She nodded. "Aye, they might have taken ill, or starved."
"Or even mutinied. The Ninth," I said, "did have a history of mutiny, as I recall. At any rate, they probably weren't in any shape to ward off their attackers, when the final battle happened."
She admitted that, as theories went, it wasn't bad. "So what became of the survivors?''
"That's a mystery, still. But we do know the Sentinel stayed." The sea cast up an arc of spray that spattered cold against my face. Like tears it clung, and tasted salt.
"Love and honor," Nancy Fortune told me, "are a complicated mixture. If he really did promise his sister that he'd keep her man from harm, then he might well have felt he could never go home, that she'd never forgive him for failing."
"Or he might have been mortally wounded, himself," I suggested. "Who knows?"
"He does, I'll wager."
We thought about that for a moment, both of us, in silence, and then she said: "It is a shame you can't use Robbie."
"Yes, I know, but after what happened ..." I shook my head, slowly. "No, it's too risky, really. And I'm not sure even he could pin down evidence of mass cremation—bits of charred bone and ashes all over the field, they'd be murder to find. Still, if we're patient, and stick to our digging, I'm sure we'll come up with proof."
The restless wind tore at my hair, and I felt the warm touch of her eyes on my face. "You believe Peter's theories, then."
"Yes, I do. But then it's rather hard not to believe Peter, isn't it?
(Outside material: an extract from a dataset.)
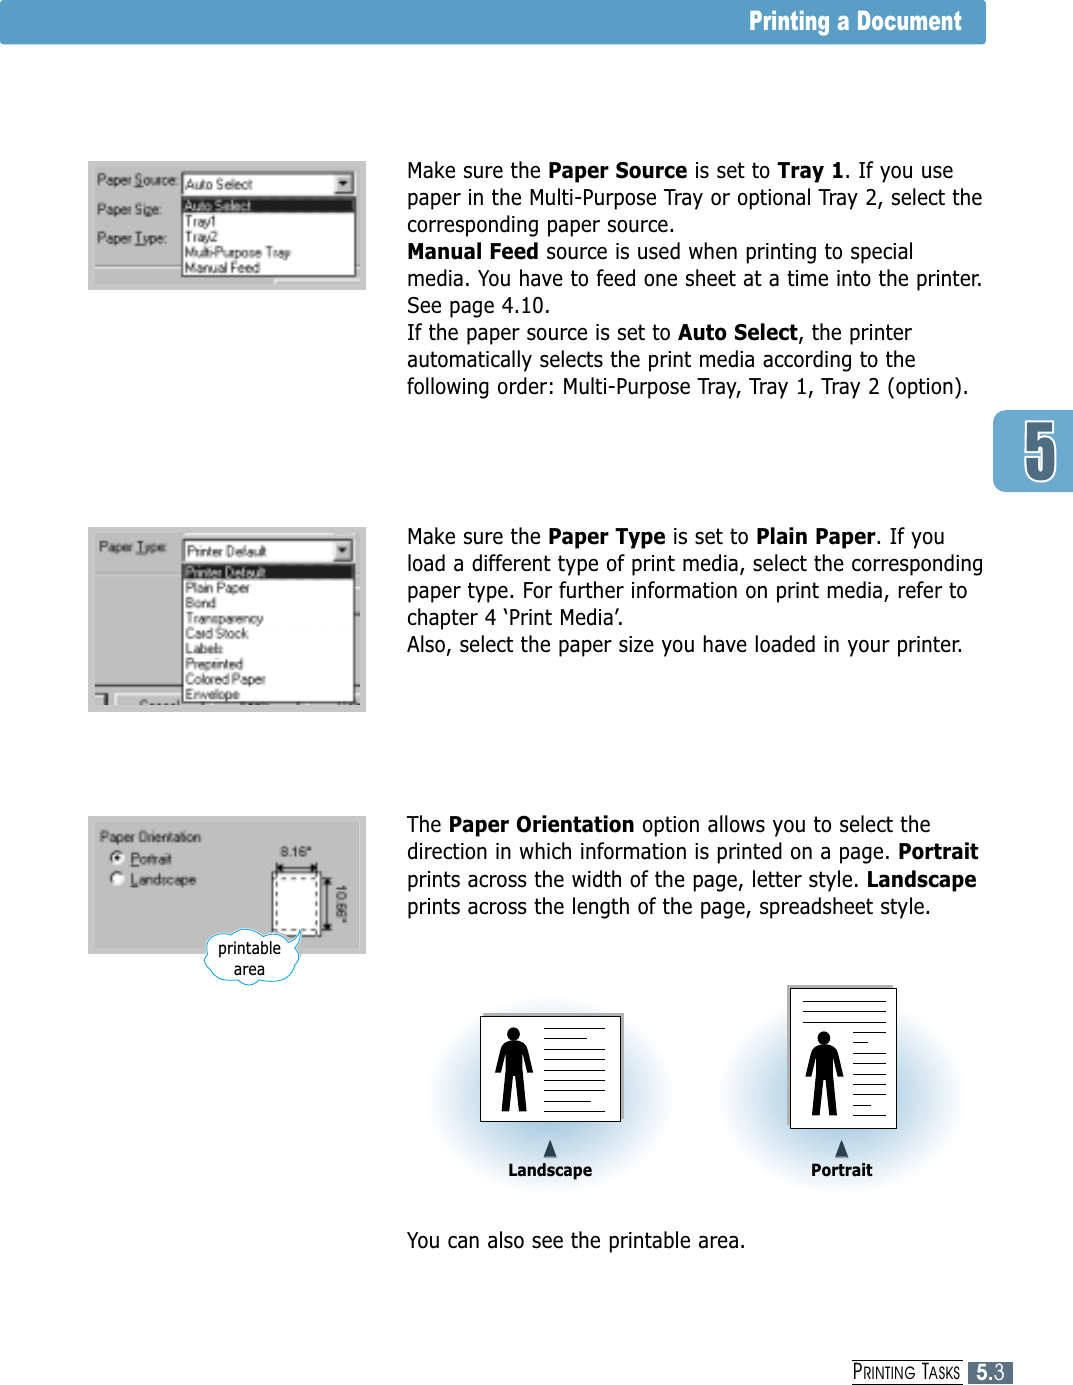 5.3PRINTING TASKSPrinting a DocumentMake sure the Paper Source is set to Tray 1. If you usepaper in the Multi-Purpose Tray or optional Tray 2, select thecorresponding paper source. Manual Feed source is used when printing to specialmedia. You have to feed one sheet at a time into the printer.See page 4.10.If the paper source is set to Auto Select, the printerautomatically selects the print media according to thefollowing order: Multi-Purpose Tray, Tray 1, Tray 2 (option).Make sure the Paper Type is set to Plain Paper. If youload a different type of print media, select the correspondingpaper type. For further information on print media, refer tochapter 4 ‘Print Media’. Also, select the paper size you have loaded in your printer.The Paper Orientation option allows you to select thedirection in which information is printed on a page. Portraitprints across the width of the page, letter style. Landscapeprints across the length of the page, spreadsheet style.You can also see the printable area.➐➐➐➐Landscape➐➐➐➐Portraitprintable area
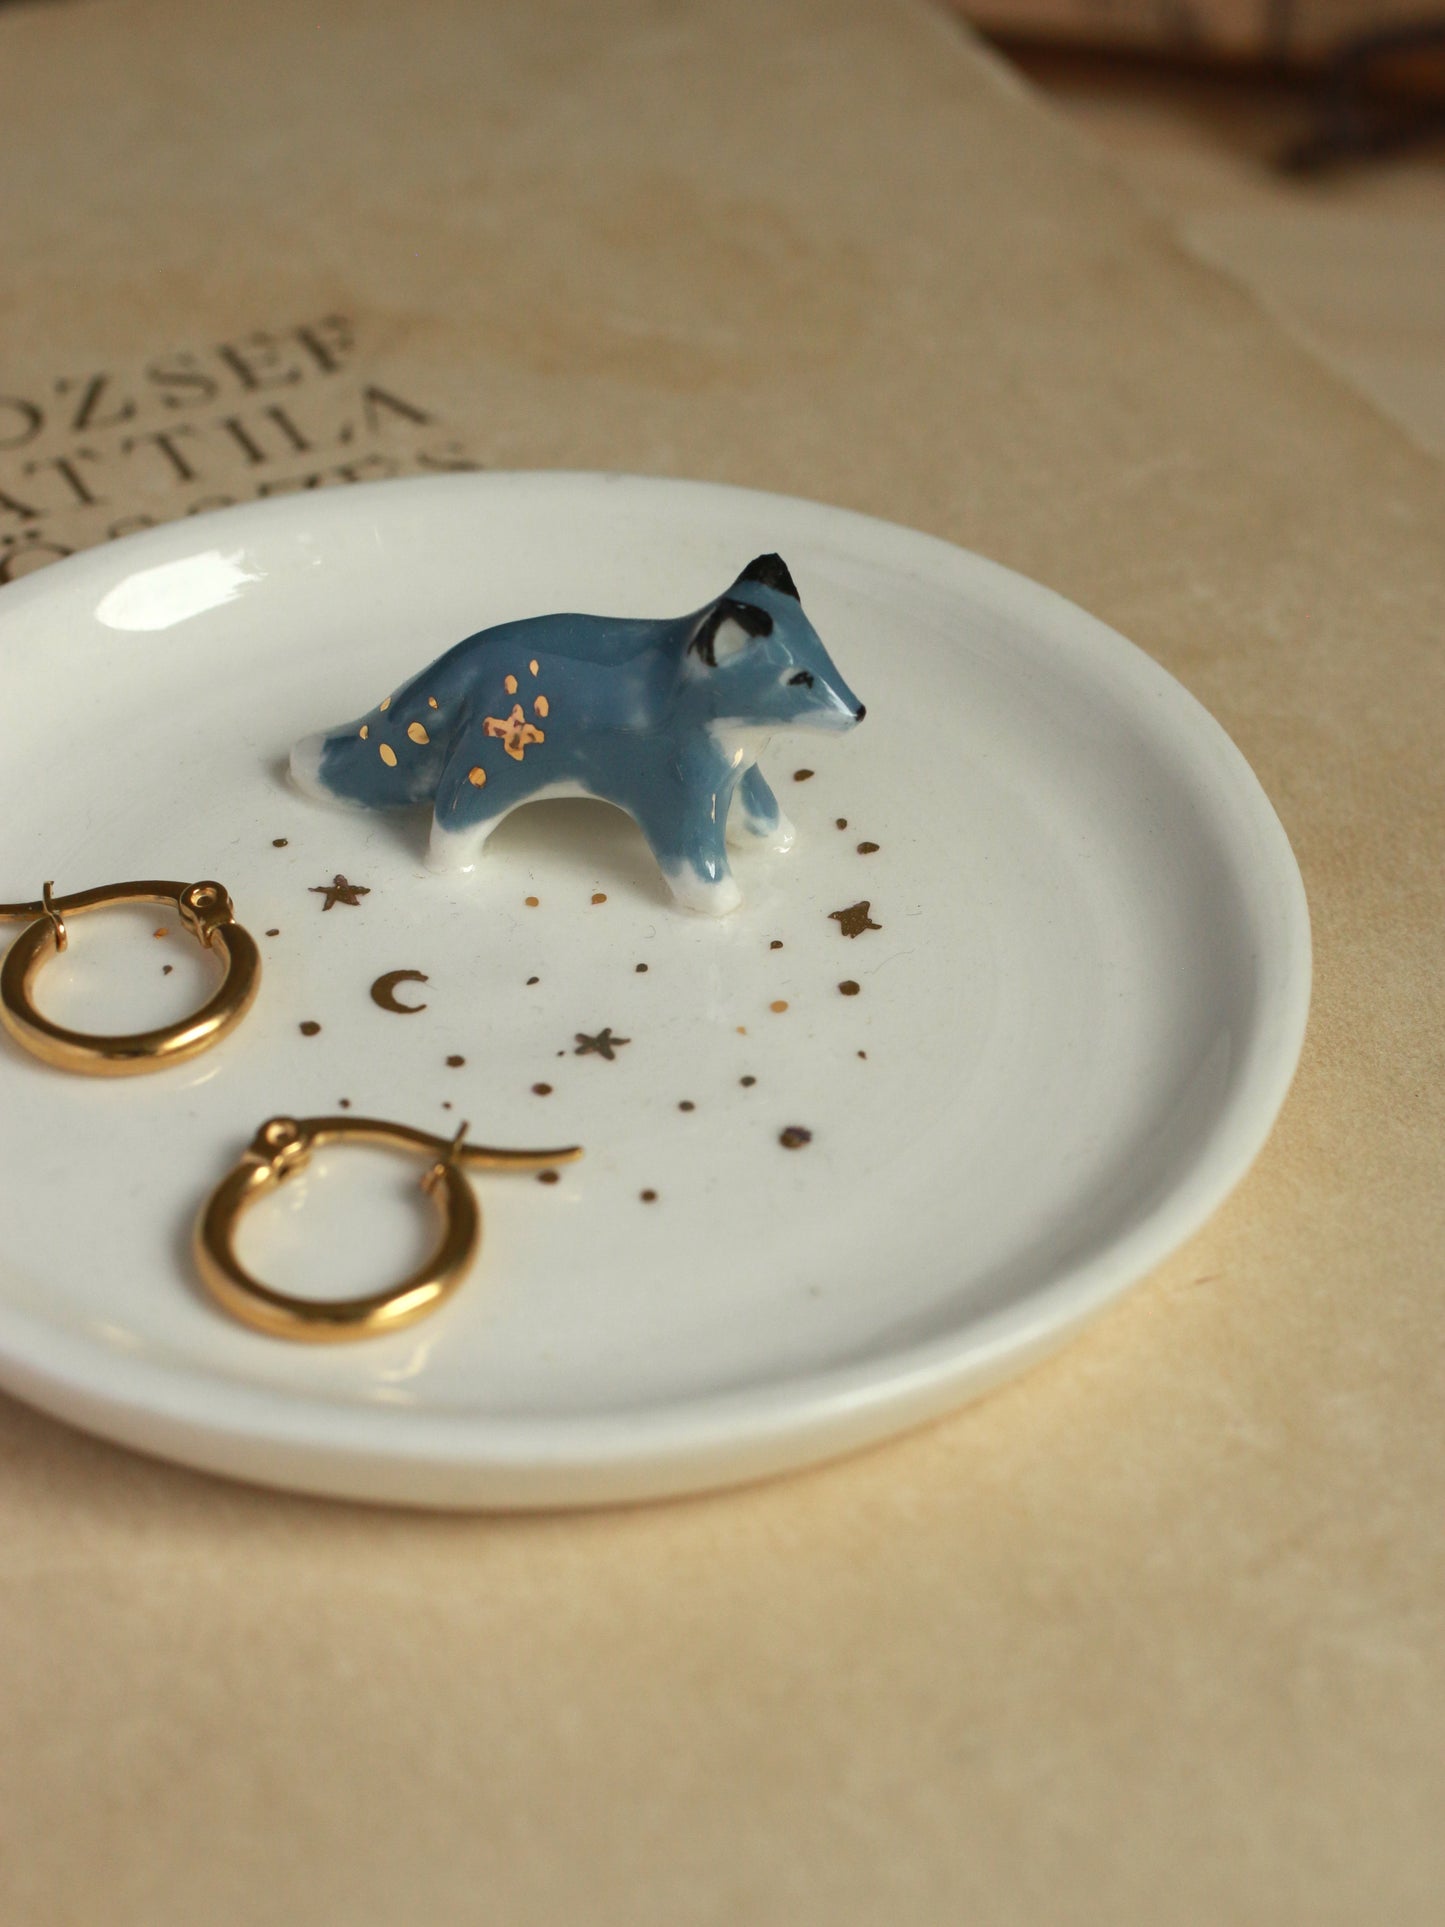 Wolf Ring Dish - Porcelain jewelry dish

I mean, he only has to look at you and give an explanation, and you can't imagine any other way it could have happened. You know?"
The faint smile gentled her expression. "Aye, that's what Davy says, too."
I stayed silent a moment longer, thinking, then bit my lip and said, rather tentatively: "They're very much alike, aren't they, Peter and David?"
"Very much," she agreed.
Our eyes met for the briefest instant, then I turned my face away again. It was nothing to do with me, I reminded myself. Whatever suspicions I might have, whatever questions I might want to ask, the answers were none of my business.
Instead I fixed my eyes on the incoming waves, watching the long curling crests of white foam that formed along their tops before they crashed themselves to death upon the sand. They did remind one of the manes of wild horses, I thought, just like Peter had said. The Irish horses of the sea, coming to gather their dead.
David's mother watched me in her turn, and after a long pause she said, very simply: "He doesn't ken."
My head turned. "I'm sorry?"
"Davy. He doesn't ken who his father is. That's what you're wondering, isn't it?" In the face of my guilty silence she smiled and went on. "It's no shame for me to tell you, lass. You've more right to the truth than anyone, and if you don't ken why,'' she said, cutting me off as I opened my mouth to protest, "then you're not near as clever as I had you pegged." Her gaze raked me rather fondly. "You're very much as I was, Verity Grey. And if you'd gone to work for Peter Quinnell, years ago..."
"If I had worked for Peter then," I told her, honestly, "I should have been in love with him."
"Aye. So you would. And so I was. Only of course, he was married at the time."
"Not happily."
"No, not happily. But there it was." She raised a shoulder dismissively and turned her face seaward.
"Could he not..." I paused to clear my throat. "Surely mental illness, even then, was just cause for divorce."
"Oh, aye," she said. "But there was Philip, too, you see."
"Well yes, but—"
"Philip saw us," she said, slowly. "One day, quite by accident. He had something of his mother's illness, Philip did, and seeing me with Peter made him crazy. It was an awful thing, for Peter—Philip never did forgive him. All his life, if anything went wrong, it was his father's fault. His mother's death, his own bad marriage, all his money problems, everything." She shook her head. "He had a talent, Philip did, for hating."
"All the more reason for Peter to leave," was my comment.
"Perhaps. But Peter loved the lad, I saw the pain it caused him. And I didn't want him torn in two. I kent, see, that he would divorce Elizabeth, if he'd kent I was carrying Davy."
I blinked at her. "If he'd...?”
“He'd have wanted to marry me," she said. "To take care of me. It's his nature. And I'd have hated that."
"But you loved him."
Her eyes shifted, and I could see her trying to find the right words to explain. "Love and marriage, they were two different things to me, then. Marriage meant settling down, giving yourself over to a man ... losing your independence, like. Much as I loved Peter—and I did love him terribly—I loved my own self more," she said. Again the flicker of a smile. "I was young."
A gull swooped in front of me, hanging in the wind, and I frowned at it. "And yet, you did get married."
"Aye, on paper. Billy Fortune was an old friend, and a good man. It was his idea, like—to save my reputation, and to give the bairn a name. We only meant to keep it up two years, and then divorce, but Billy died afore that." Her voice, I thought, was so amazingly calm. She might have been telling me someone else's story, and not her own. "Poor Billy," she said. "Peter never did care for him, much. Couldn't fathom why I'd married onto a fisherman."